SwiftUI App (from source)

Open EsperApp/EsperApp.xcodeproj in Xcode and hit Cmd+R.


Global Hotkey

Press Option+Space from any app to toggle transcription on/off. No need to switch to the Esper window.

Customize the shortcut in Settings > Shortcuts.


How It Works

  Microphone
      |  16kHz mono, 512-sample frames
      v
  AudioCapture ──> audio_q ──> VadThread (Silero VAD)
                                    |
                                    | speech detected, silence sealed
                                    v
                                speech_q ──> WhisperTranscriber
                                                 |
                                                 | spawn-context subprocess
                                                 | (MLX Metal isolation)
                                                 v
                                            mlx-whisper
                                            large-v3-turbo
                                                 |
                                                 v
                                        TranscriptionUpdate
                                            |           |
                                            v           v
                                        Console    Telegram
                                        (CLI)      (optional)

Pipeline

Stage What it does
AudioCapture Continuous mic input via sounddevice (16kHz mono, 32ms frames)
VadThread Silero VAD scores each frame. 300ms pre-buffer on speech onset. 300ms silence seals utterance.
WhisperTranscriber Whisper large-v3-turbo in isolated subprocess (MLX Metal safety). 15s watchdog.
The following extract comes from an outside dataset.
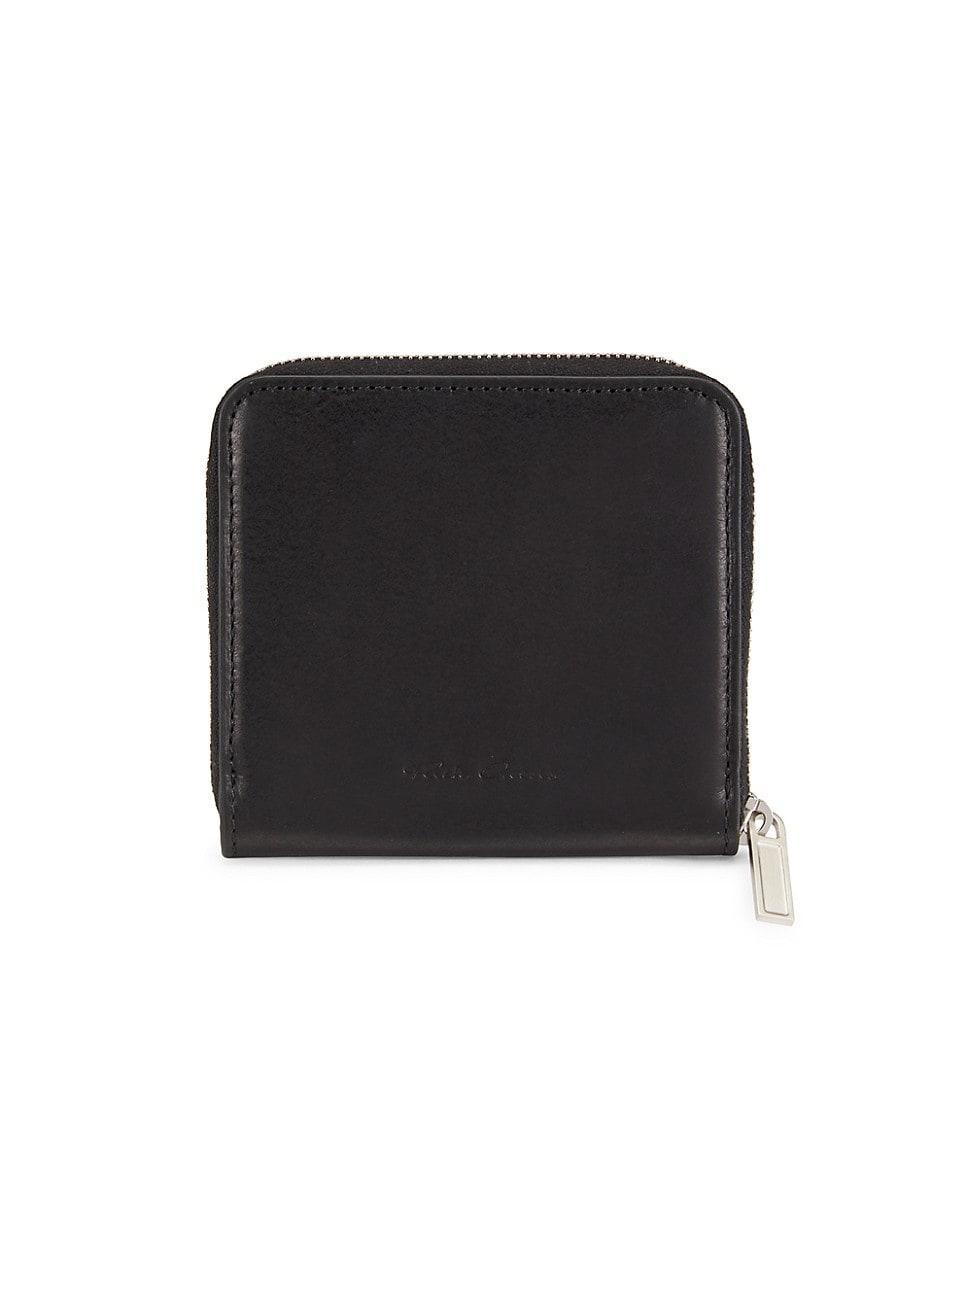 Mens Leather Zip Wallet Product Image

Auto-restart on crash.
Hallucination filter Discards high no_speech_prob or extreme compression_ratio outputs
Output Per-utterance text to console, SwiftUI transcript view, and/or Telegram

Requirements

Requirement Details
OS macOS 14+ (Sonoma or later)
Chip Apple Silicon (M1/M2/M3/M4)
Python 3.11+ via pyenv
Xcode 15+ (SwiftUI app only)

CLI Usage

python -m src.realtime_demo                    # Interactive device picker
python -m src.realtime_demo --device 0         # Specific mic
python -m src.realtime_demo --list-devices     # Show audio devices
python -m src.realtime_demo --telegram         # Send to Telegram
python -m src.realtime_demo --record           # Save speech audio to WAV

Telegram Setup

Copy the example config and fill in your credentials:

cp .env.example .env

Edit .env with your bot token and chat ID from @BotFather:

TELEGRAM_BOT_TOKEN=your-bot-token
TELEGRAM_CHAT_ID=your-chat-id

Run with --telegram, or configure in the SwiftUI app settings.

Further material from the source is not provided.